For most people, the post-work income we receive comes from three main sources:
- Investments (including superannuation funds).
- Drawdowns from the capital we have saved.
- Government and/or employment pensions.
The portion of retirement income we fund ourselves comes from investments. The lump sum required for an investment income depends on the return of the investment. If we take the simple example of a 5% return and an income requirement of $40,000, then the capital sum required is $800,000.
Many people go to a financial planner without being clear on how much income they will need in retirement. It’s difficult for an adviser to provide advice when they do not know this figure.
The amount of capital you will need in retirement depends on:
- The amount of money you will spend each year (including rent, if applicable).
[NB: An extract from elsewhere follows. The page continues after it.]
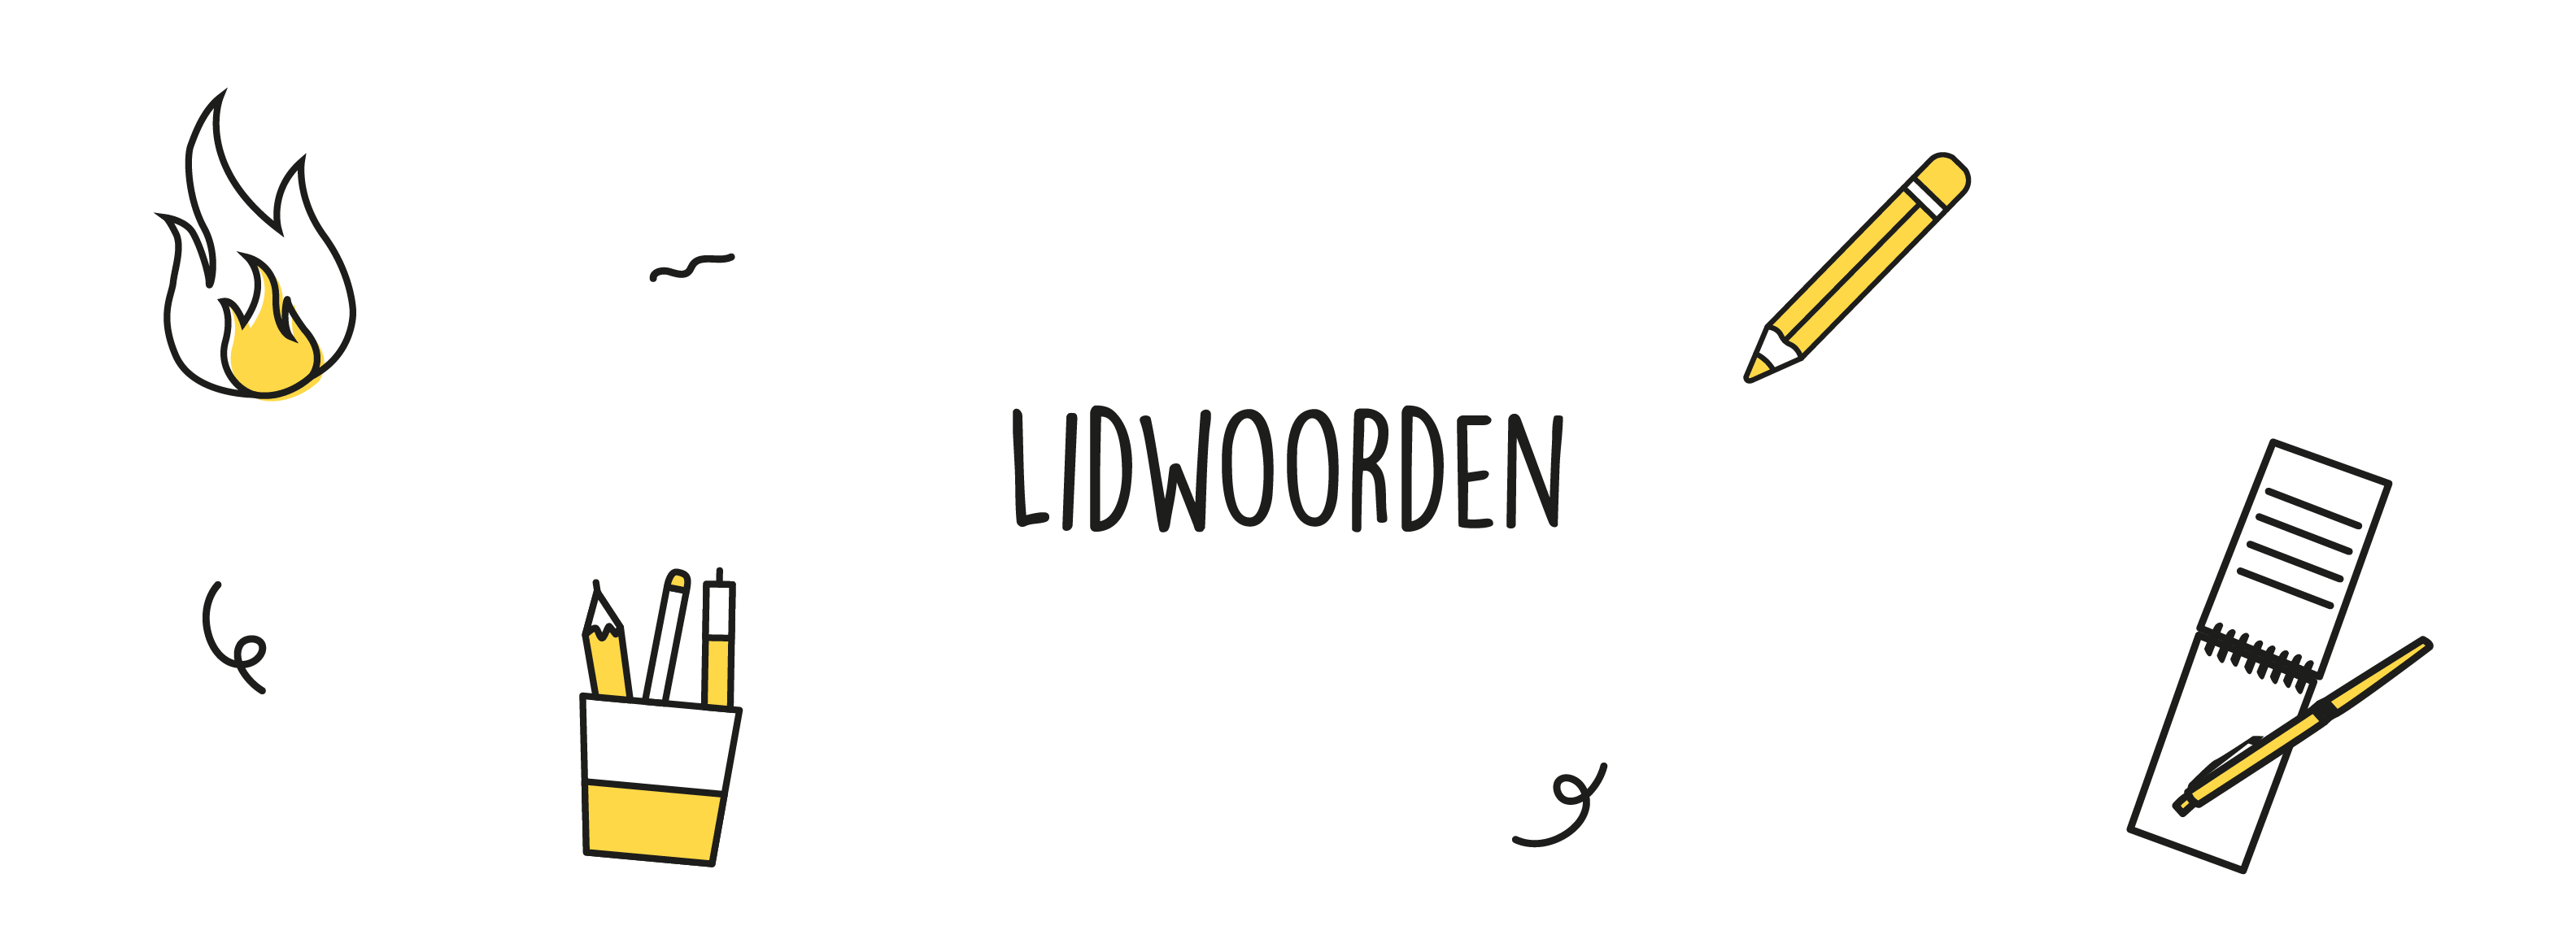 Lidwoorden

- Once-off expenditures – such as a car, home renovations, a big holiday, elective surgery if you don’t have private health insurance, etc.
- Life expectancy – how many years will you need to fund?
- Bequests – do you wish to leave any money to your children or family?
- Whether you will be a candidate for aged-care accommodation.
If you don’t know where to start, sometimes the best thing to do is look at your current situation and adjust it to the changed environment of retirement. You can do this by recording in detail what you spend on essential and non-essential items for a period of time (e.g. three months, six months or 12 months).
Alternatively, you could look at what your net income after tax is every payday, and verify that you can live on this (in other words, you’re not living on credit card debt). Remember to factor in whether your mortgage will be cleared before retirement. If it is, you will have more disposable income. Also consider any perks you currently receive from your employment, such as a vehicle, mobile phone or subsidised travel, and what you will need to fund these (if they are still required) in retirement. Conversely, you may be paying for certain employment expenses now that you will not need to pay for in retirement.
Often, people have expenses in retirement that they did not have when they were working. For example, if you buy a caravan, your petrol bill will be a lot higher. When I was a financial planner, I had a client who had not factored in the additional fuel costs it would take to tow his caravan, so his living expenses were $5,000 higher than what he had budgeted for. That meant he had to drawdown extra money from his pension account.
No matter what stage of wealth accumulation you are at in your working life, I recommend you work out what you will need in retirement, so you know what to aim for. Getting advice from a money coach or financial planner will make the process so much easier.